Provided material ::
Content starts

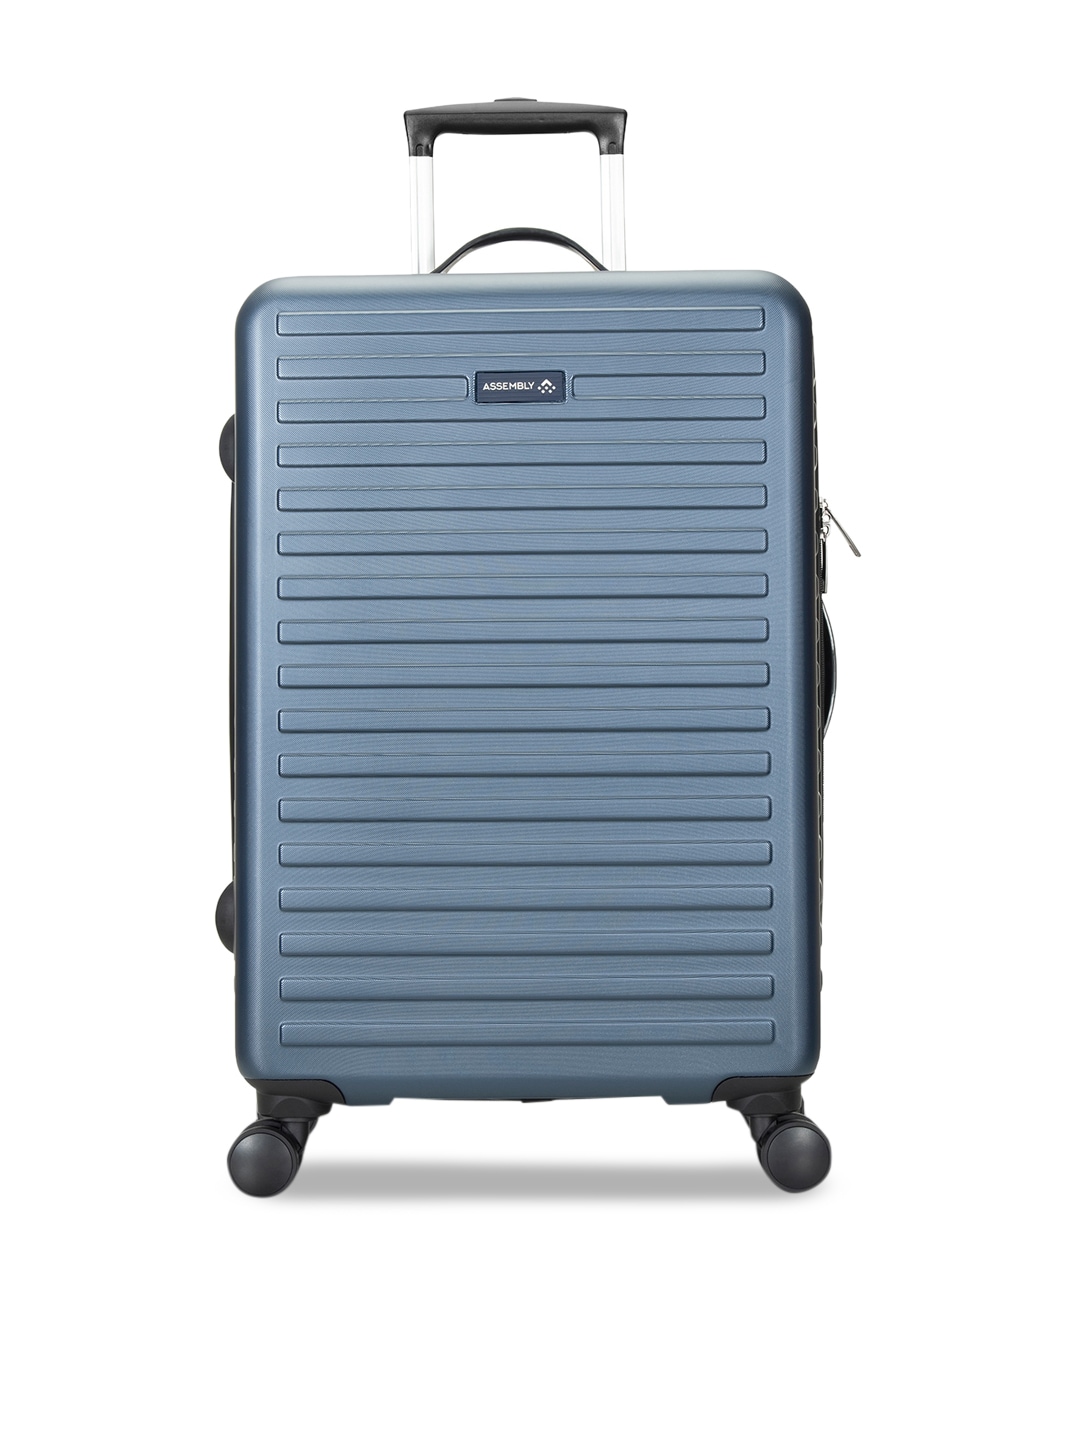 Assembly Blue Large Hardsided Trolley Bag 94 L Price in India
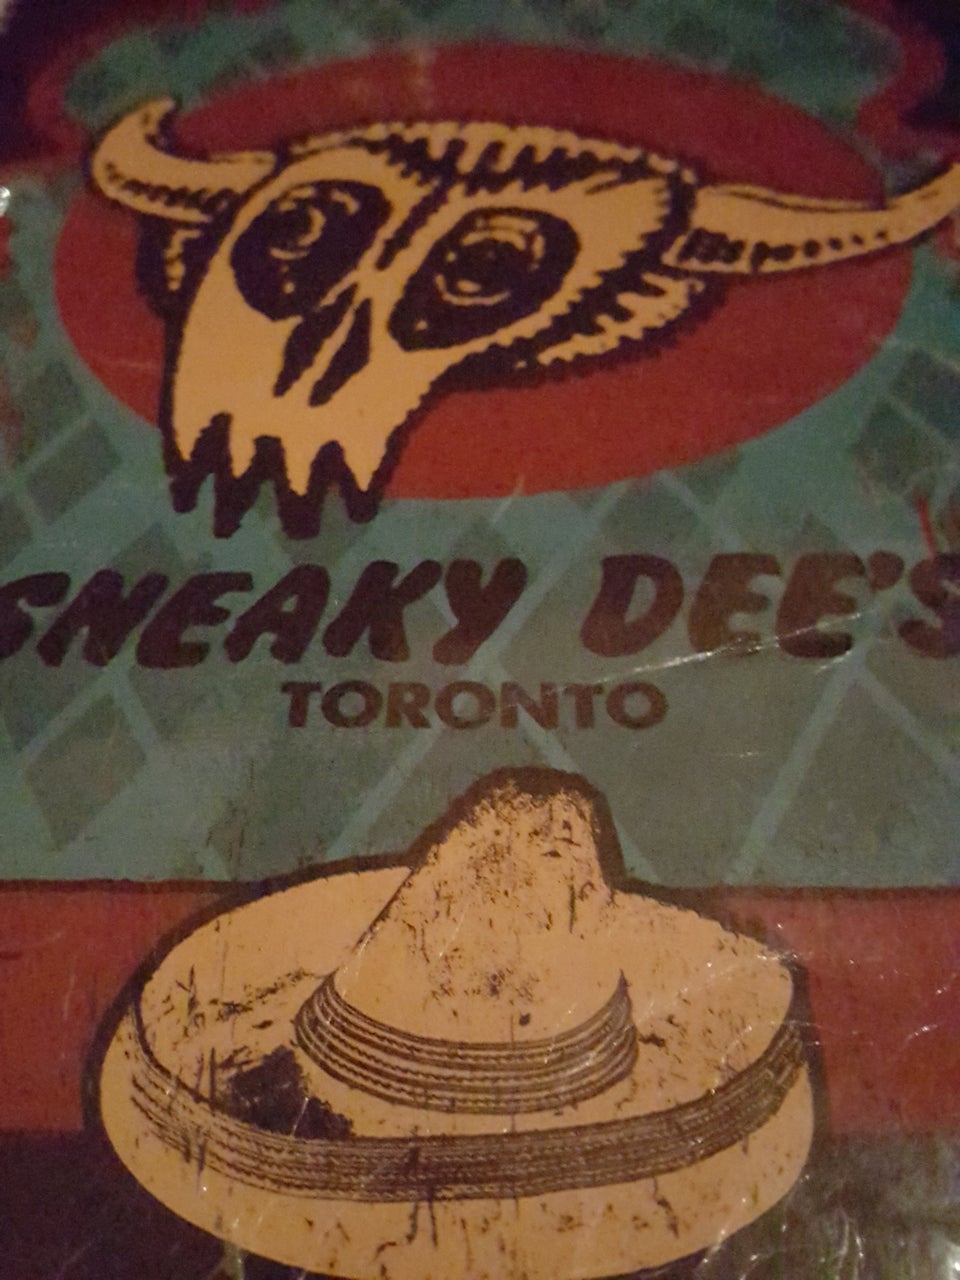 Photo of Sneaky Dee's
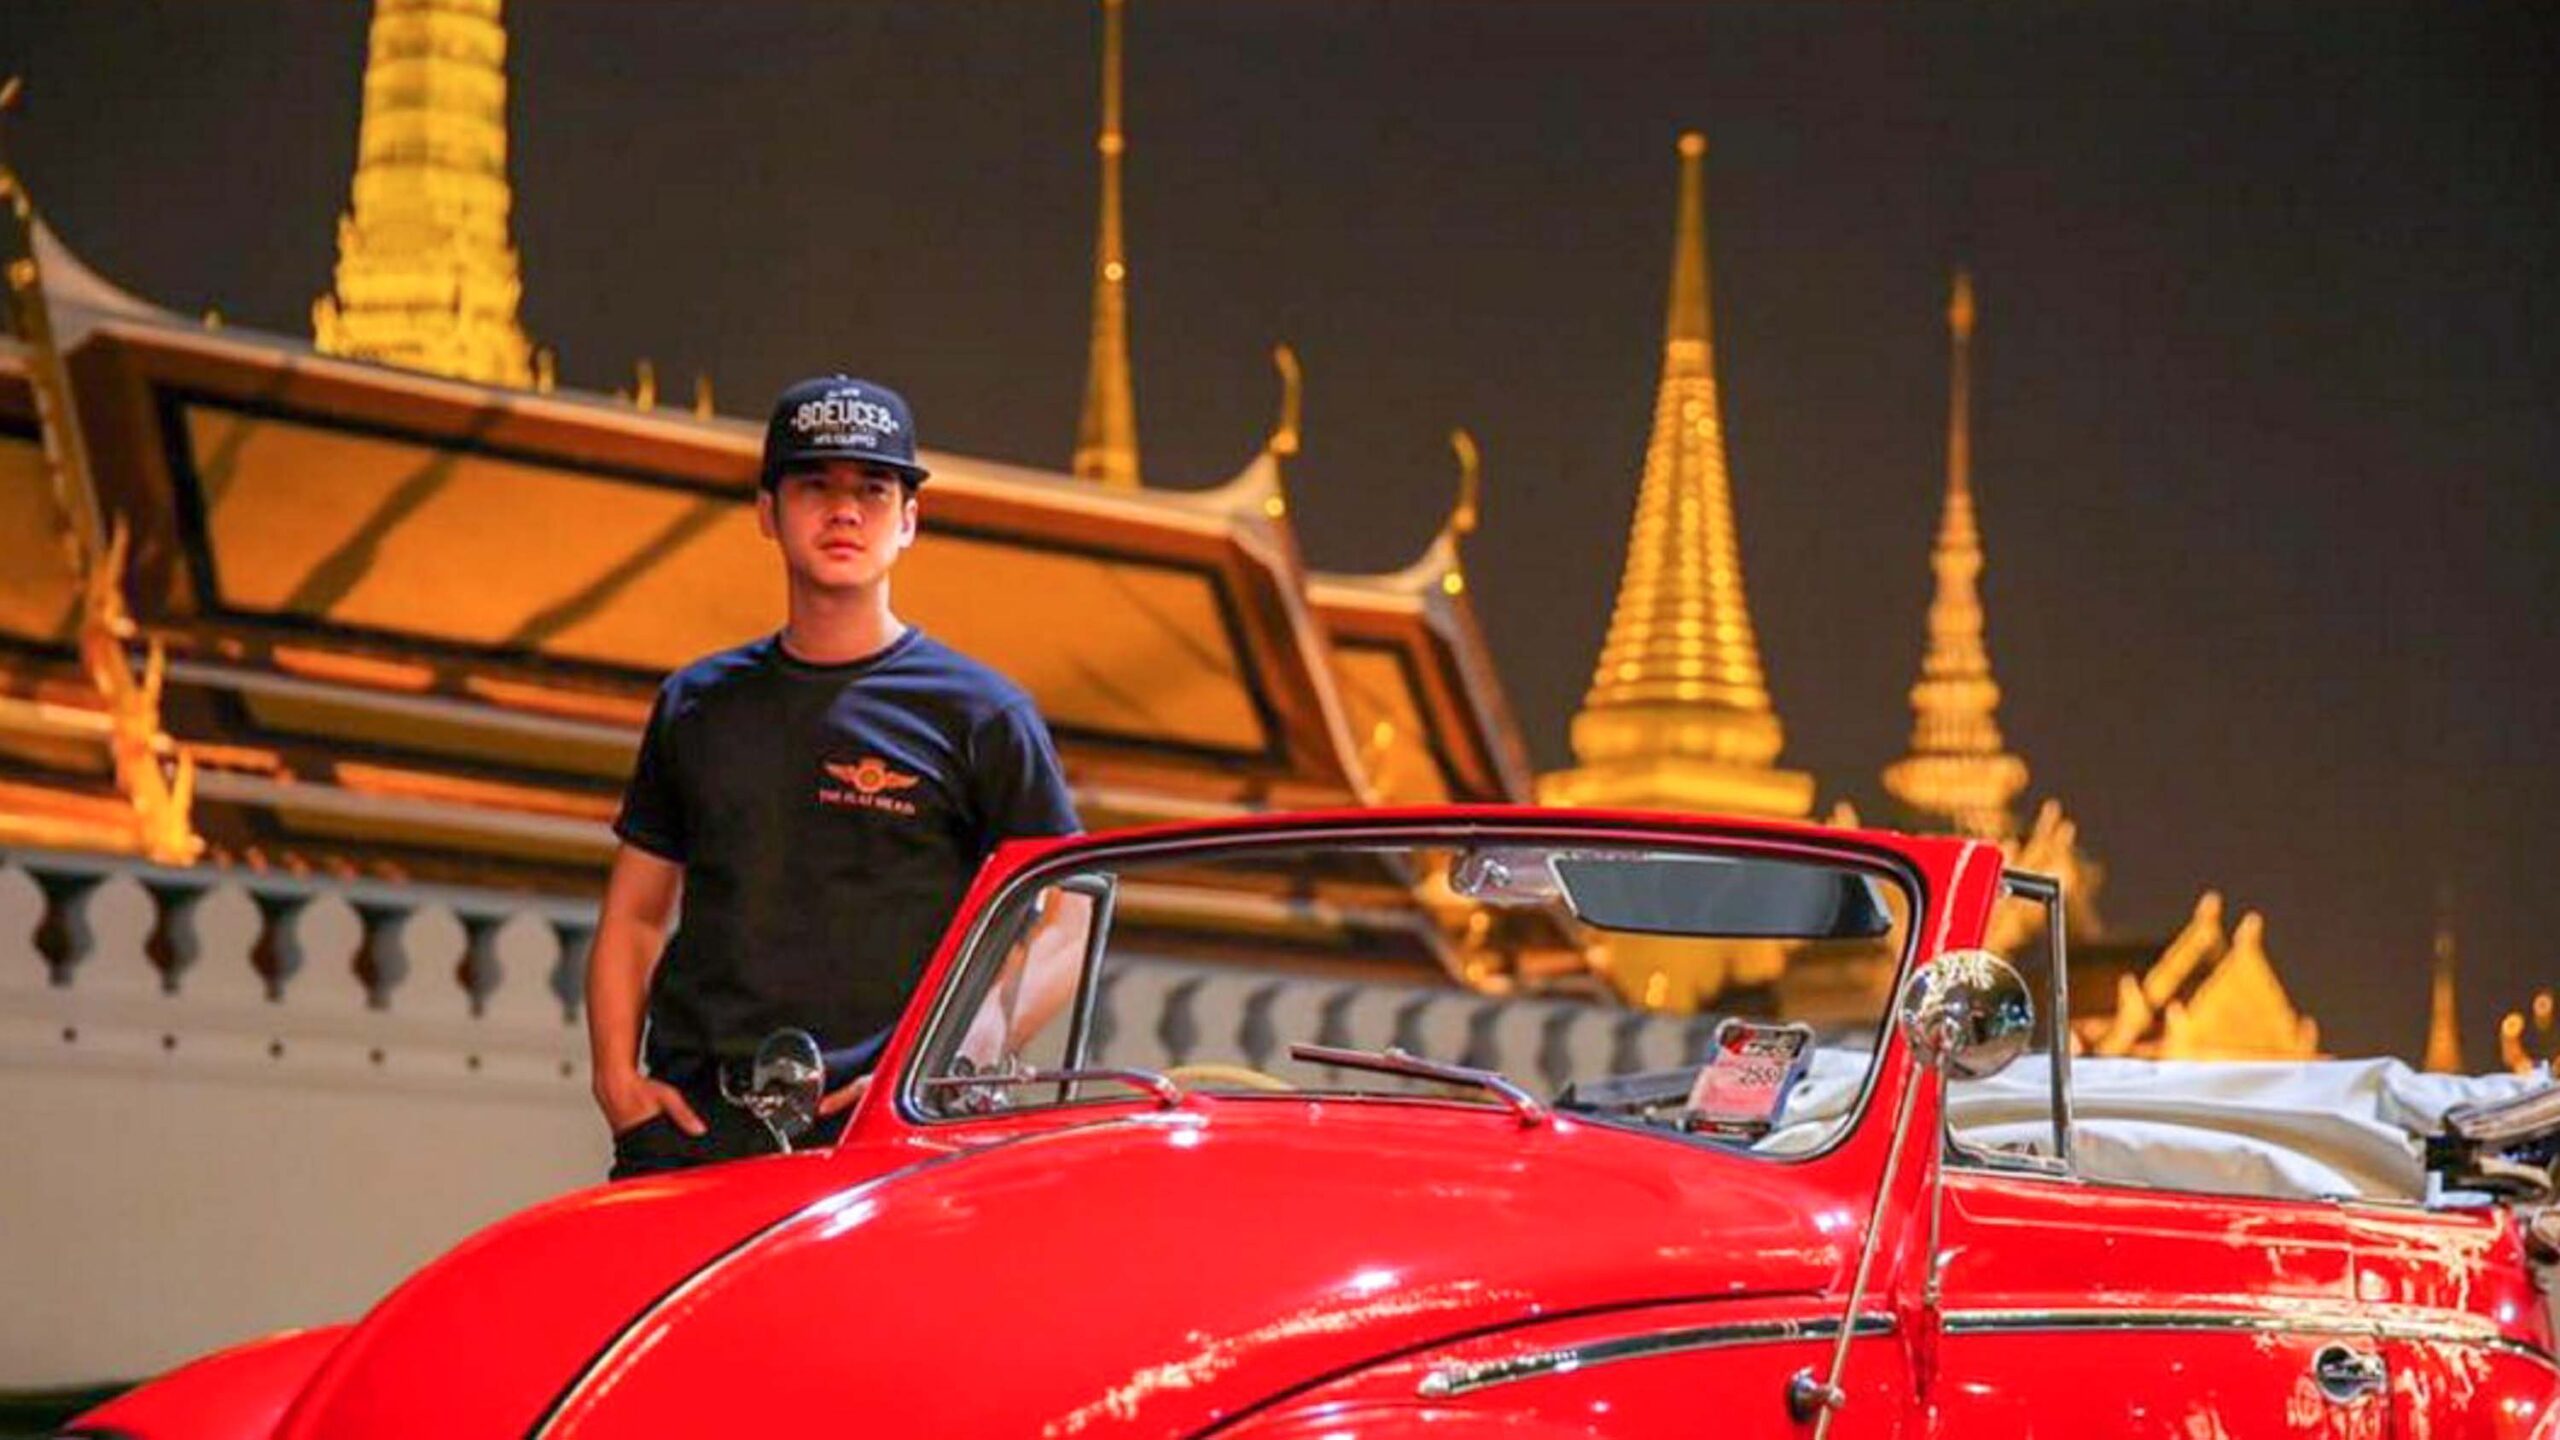 Mario Maurer shares 10 fun things to do in Thailand

Content ends

In your reply, every line of the material should appear exactly as written, and no picture should.

Task output ::
 Assembly Blue Large Hardsided Trolley Bag 94 L Price in India
 Photo of Sneaky Dee's
 Mario Maurer shares 10 fun things to do in Thailand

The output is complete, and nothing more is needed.